» EXERCISE
Leave out every picture, and output exactly the lines from the line containing "Zodiac and glacier in the Antarctic" through the last line of the data.

» DATA SEGMENT
______

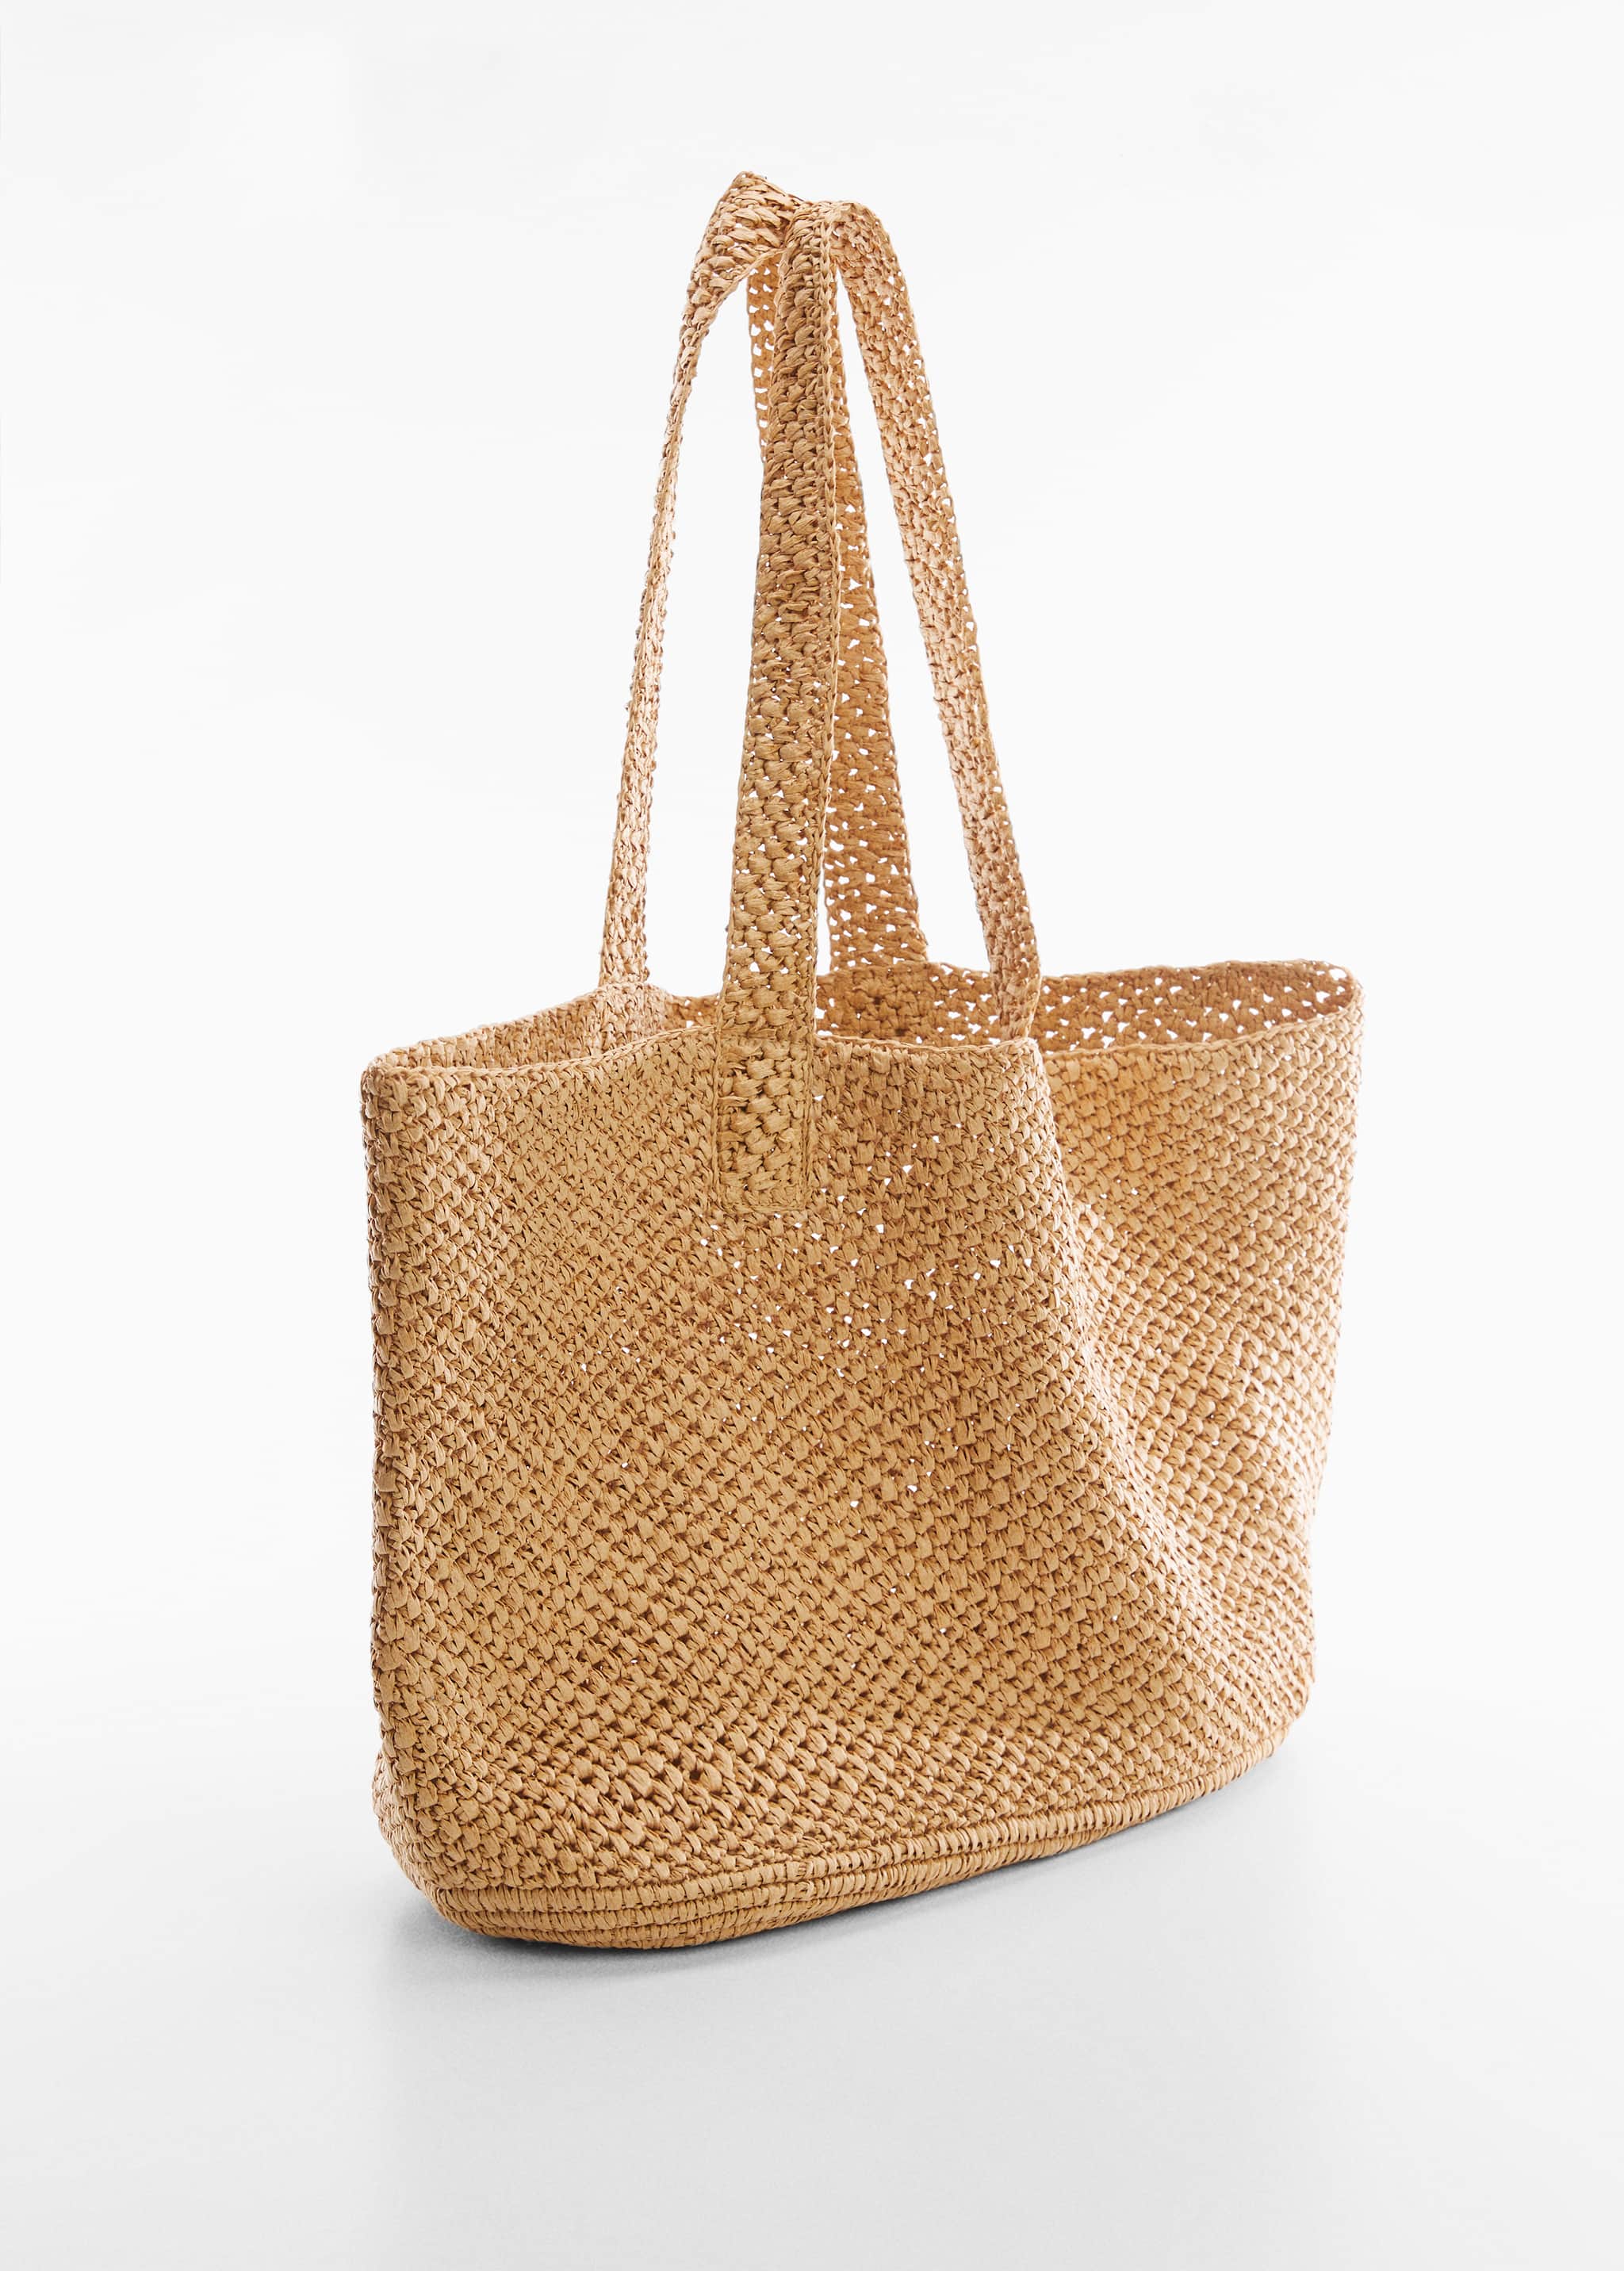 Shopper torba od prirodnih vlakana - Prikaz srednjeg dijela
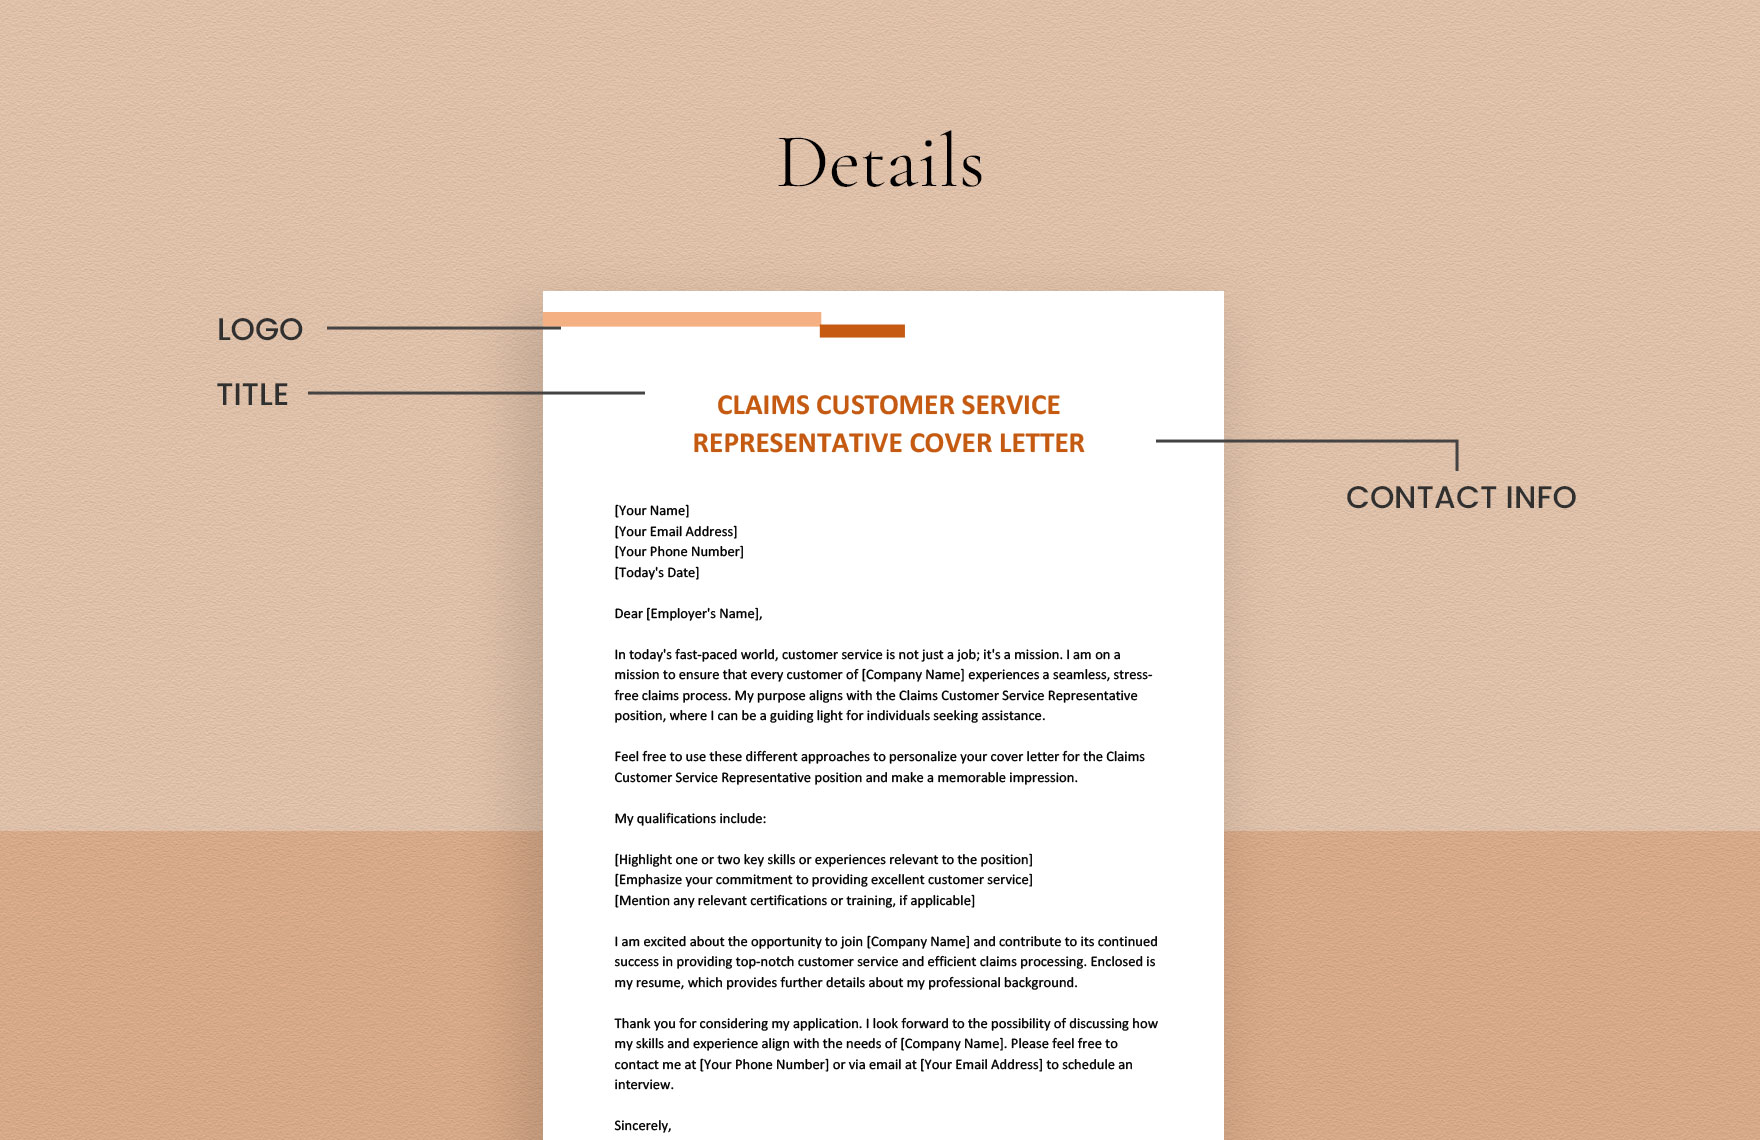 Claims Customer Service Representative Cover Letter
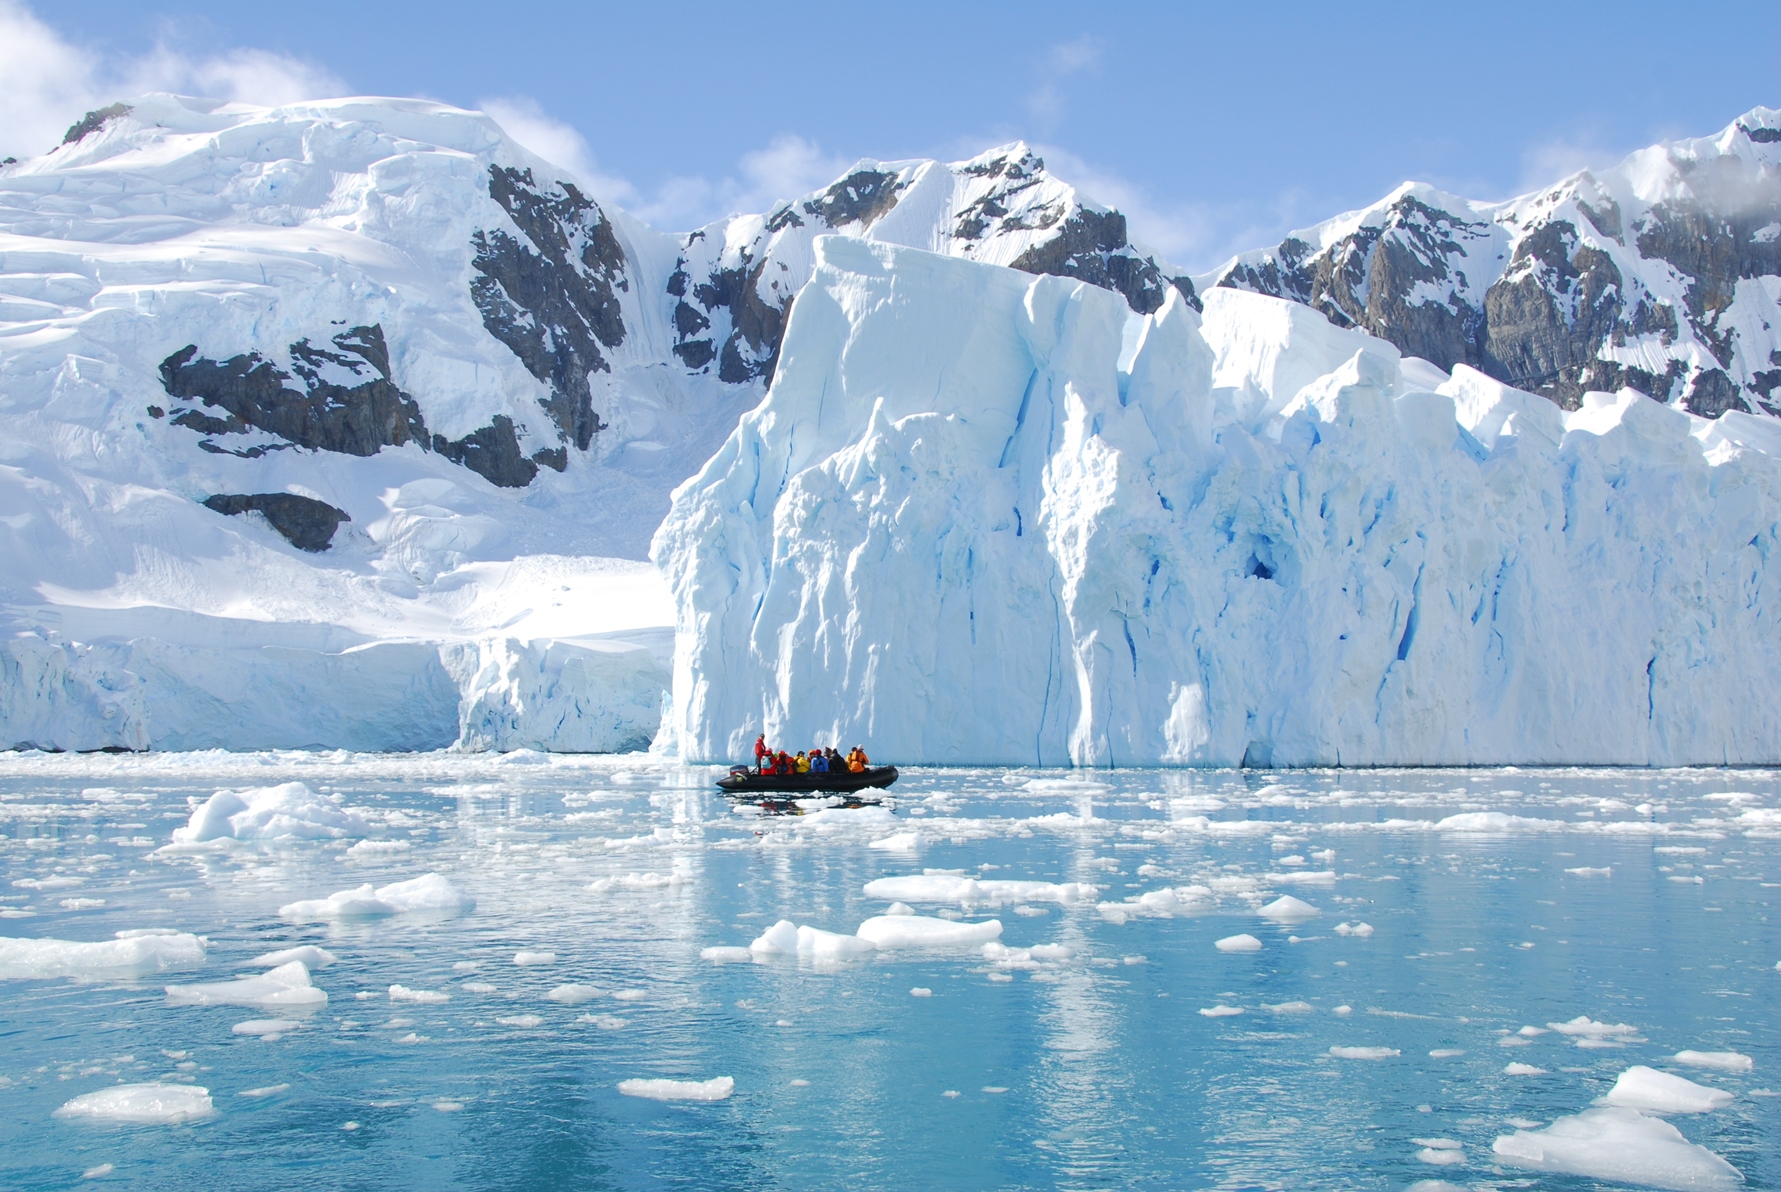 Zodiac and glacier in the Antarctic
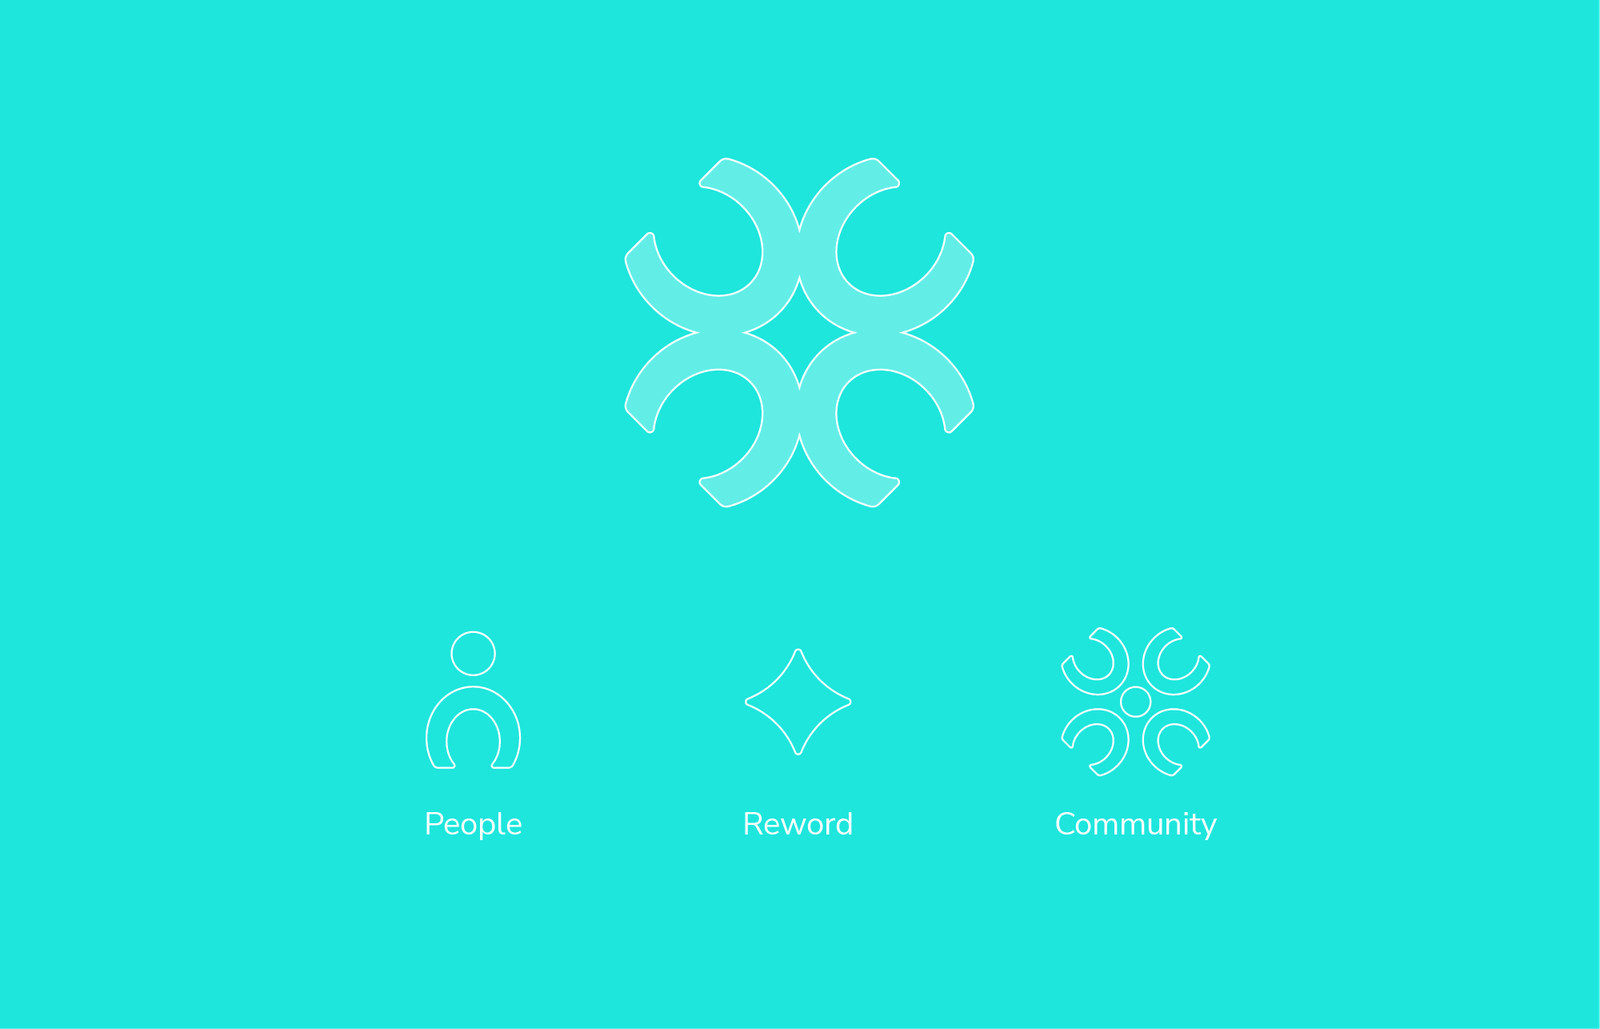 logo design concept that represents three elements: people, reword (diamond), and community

______

» RESULT
 Zodiac and glacier in the Antarctic
 logo design concept that represents three elements: people, reword (diamond), and community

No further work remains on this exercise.